Secondly, astrocyte dysfunction disrupts ion homeostasis in the synaptic cleft (Fig. 3B). Astrocytes help to clear excess K+ and Ca2+ from the synaptic cleft, preventing their accumulation and maintaining proper synaptic transmission. Reduction of the K+-buffering ability of astrocytes has been reported in ALS [106, 122, 123]. Progressive loss of astrocyte potassium channel Kir4.1 impairs perineural K+ homeostasis, potentially contributing to motor neuron hyperexcitability in the SOD1G93A transgenic mouse model [123, 124]. Dysfunction of astrocytic sodium–potassium-ATPase (NKA) has also been reported in neurodegenerative disease model [125]. Astrocytes also play an important role in maintaining Ca2+ homeostasis in the synaptic cleft [126]. Astrocytes express the sodium-calcium exchanger NCX to export Ca2+ to the synaptic cleft, at the expense of the Na+ gradient [127]. However, during neural hyperactivity, the activity-dependent Na+ transients in astrocytes switch NCX to a “reverse mode” by mediating Ca2+ import and Na+ export, dictating Ca2+ homeostasis in the synaptic cleft [127].
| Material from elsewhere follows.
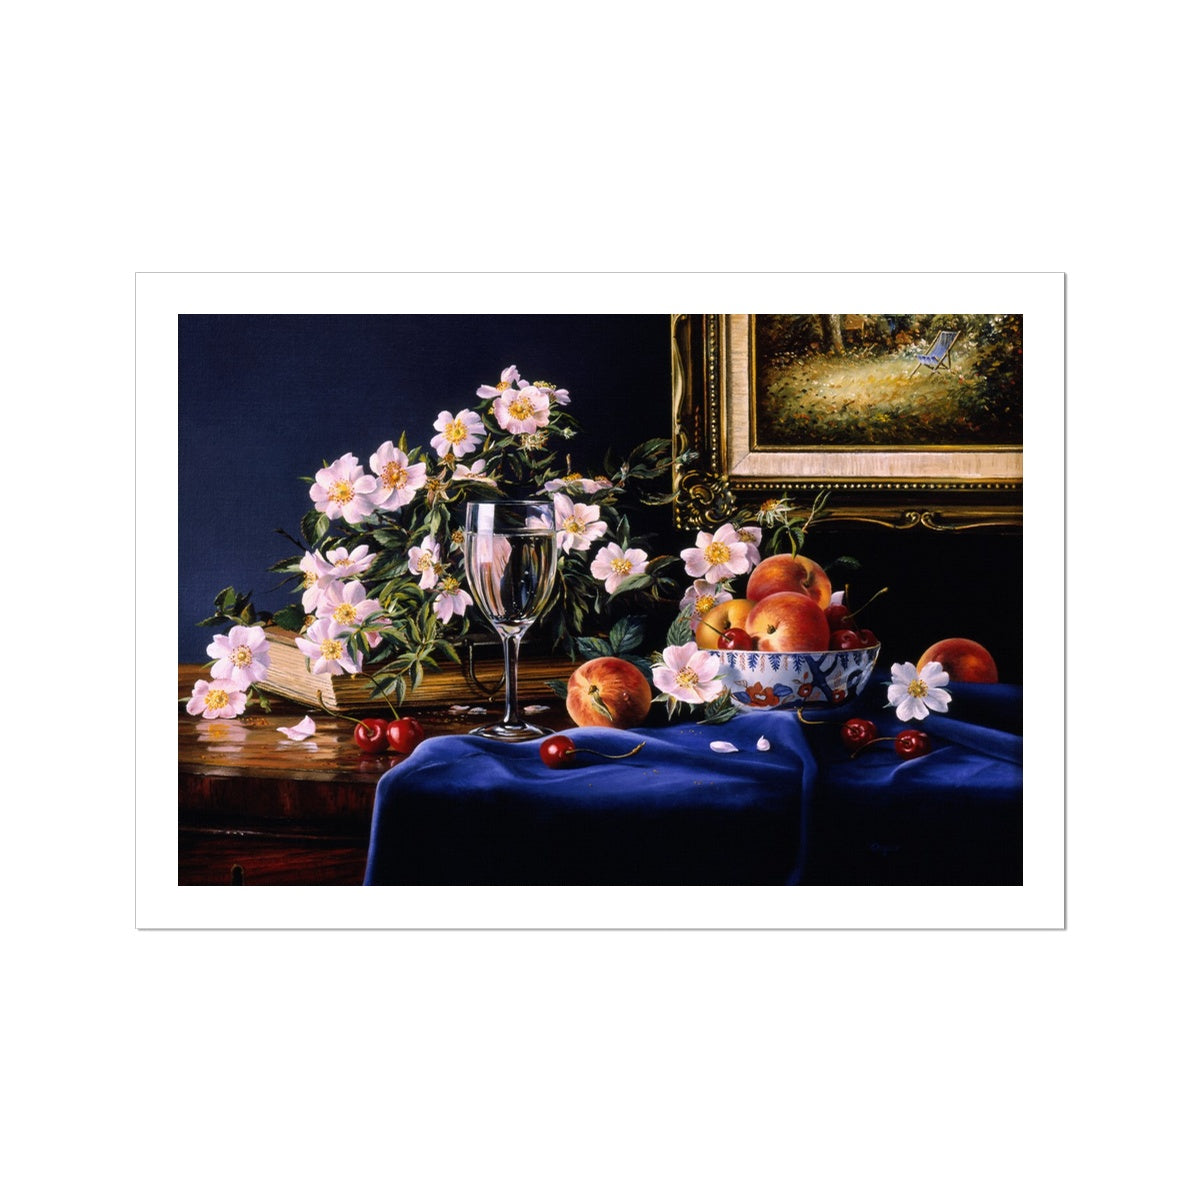 Ted Dyer Fine Art Print. Open Edition Cornish Art Print. &#39;Dog Roses and Peaches Still Life&#39;. Cornwall Art Gallery

Thirdly, dysfunctional astrocytes lose their ability to provide metabolic support for neurons (Fig. 3C). Astrocyte-neuron metabolic coupling provides fundamental energy support for neuronal activity. Disrupting the expression of the astrocytic lactate transporters monocarboxylate transporter 4 (MCT4) or MCT1 has been reported in the SOD1G93A mouse model, which is accompanied by a decrease in lactate level [128]. Primary astrocyte-motor neuron co-cultures from SOD1G93A mice further confirmed that the significant metabolic dysfunction of astrocytes has been linked with motor neuron excitotoxicity [129].

Moreover, activated astrocytes release less neurotrophic factors like BDNF and GDNF. Instead, they produce abnormal levels of cytokines and proinflammatory substances, including TGF-β1, IFN- α, IFN- γ, IL- 6, ROS, NO, which can cause oxidative stress and inflammation, further contributing to motor neuron hyperexcitability (Fig. 3D) [130,131,132,133].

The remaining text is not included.